Furthermore, any protections given the mentally ill by the provisions of Mental Hygiene Law article 9 should not be avoided by the appointment of a guardian. (Matter of Farbstein, 163 Misc 2d 26; Matter of Gordon, 162 Misc 2d 697.)

Respondent additionally contends that this proceeding is moot since she is presently receiving ECT pursuant to an order of this court. Petitioner contends that upon the expiration of the present order it will be necessary for RPC to seek a further order pursuant to Mental Hygiene Law article 9.

An analogous situation was addressed in Hughes v Gates (217 AD2d 966), where it was held that once a medical procedure was performed on a resident of a State facility and the person’s medical needs were satisfied, no justiciable controversy remained upon which a declaratory judgment could be made or injunctive relief could be granted and the action was dismissed as moot.

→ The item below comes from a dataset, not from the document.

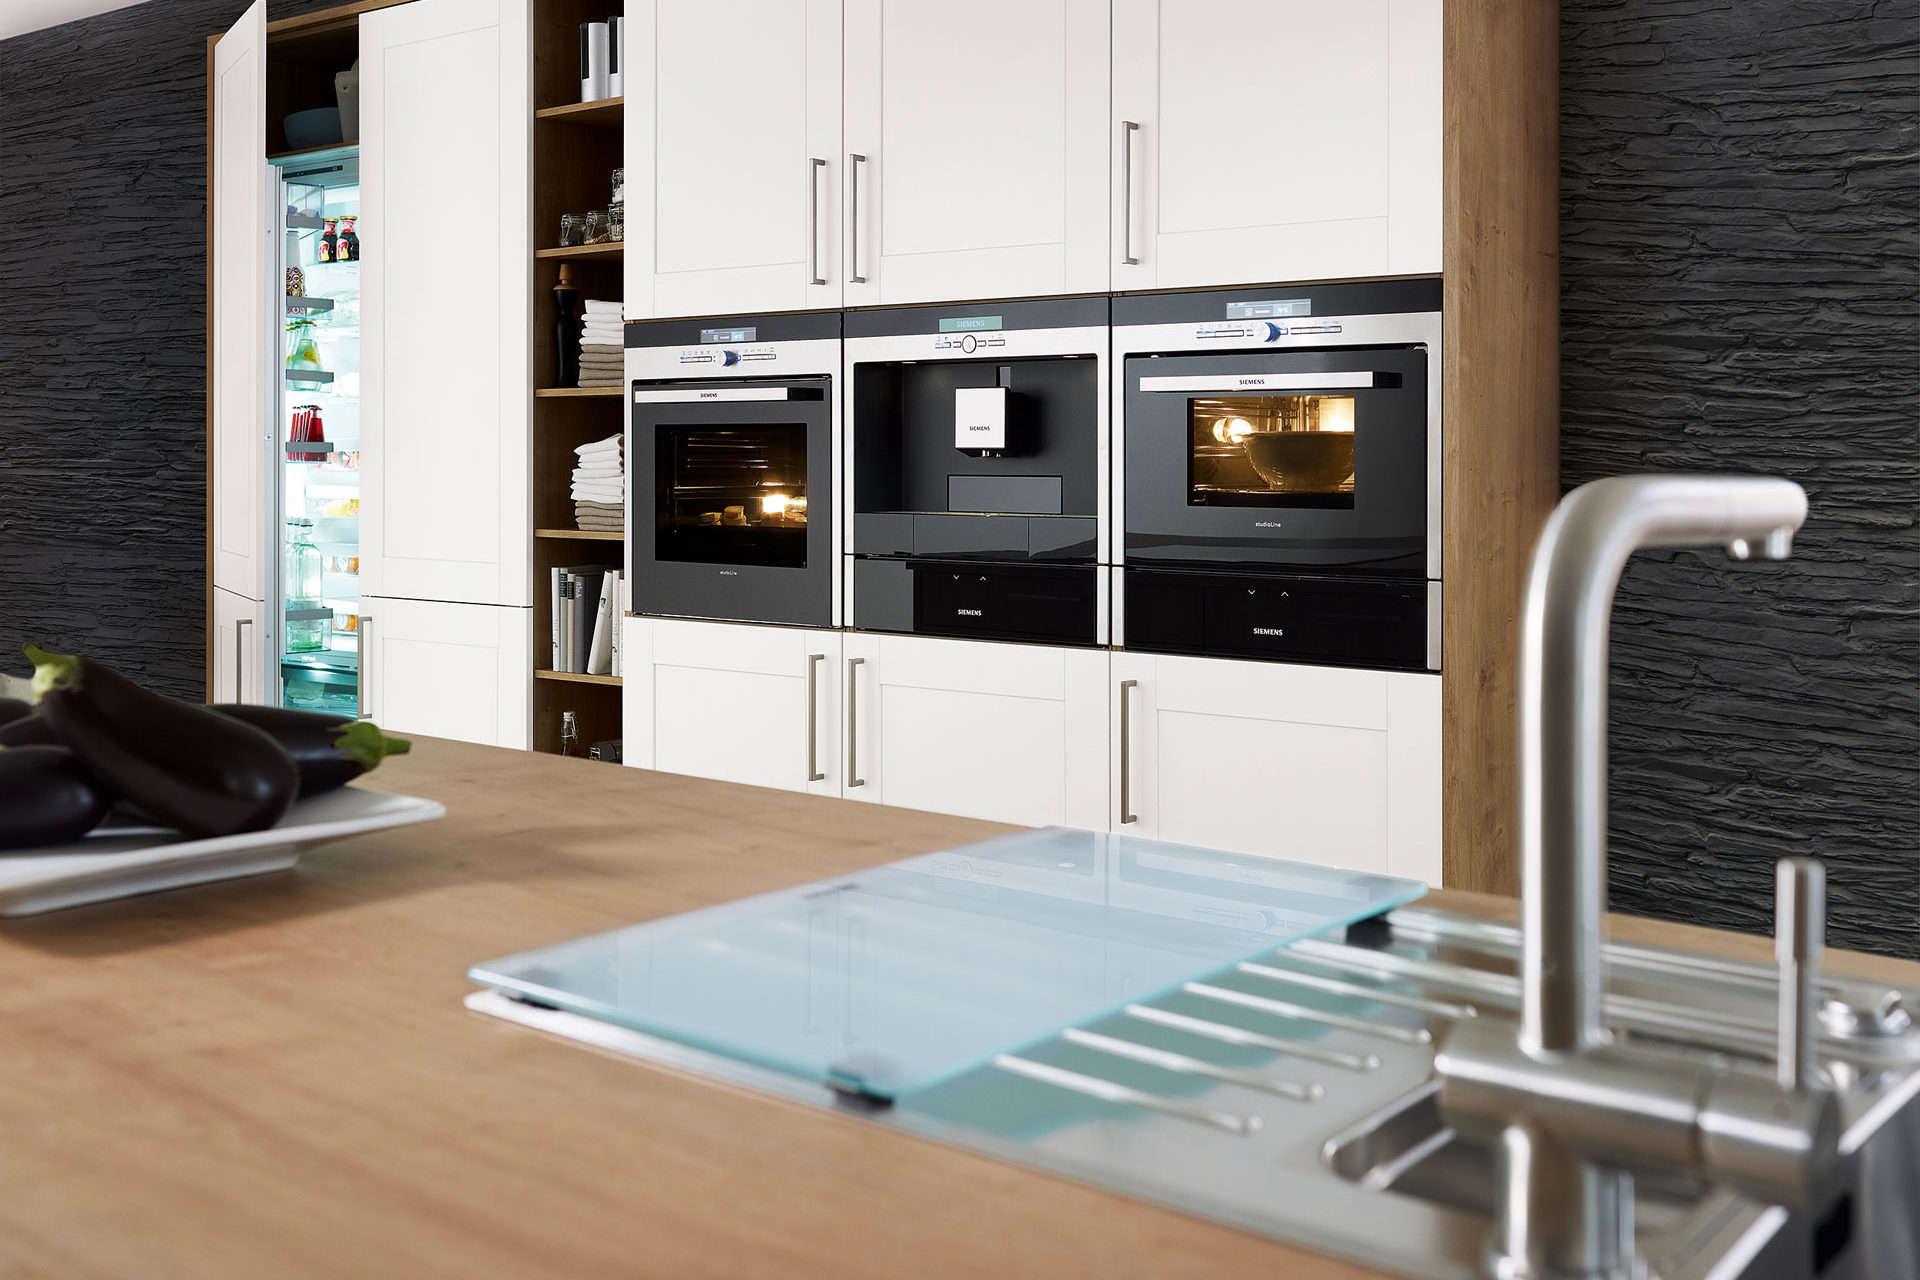 Full Size of Küche Selber Planen Und Bauen Wie Kann Ich Meine Küche Selber Planen Küche Selber Planen Online Kostenlos Küche Selber Planen Ikea Küche Küche Selber Planen

In this matter, the relief sought by petitioner is totally unnecessary since it has already been granted by an order of this court authorizing Rockland Psychiatric Center to adminis*29ter ECT to respondent. Furthermore, the hospital can apply for a new order if it determines that authority for treatment over objection is needed beyond the effective date of the January 12, 1998 order. Therefore, this proceeding should be dismissed as moot.

Accordingly, the petition is dismissed.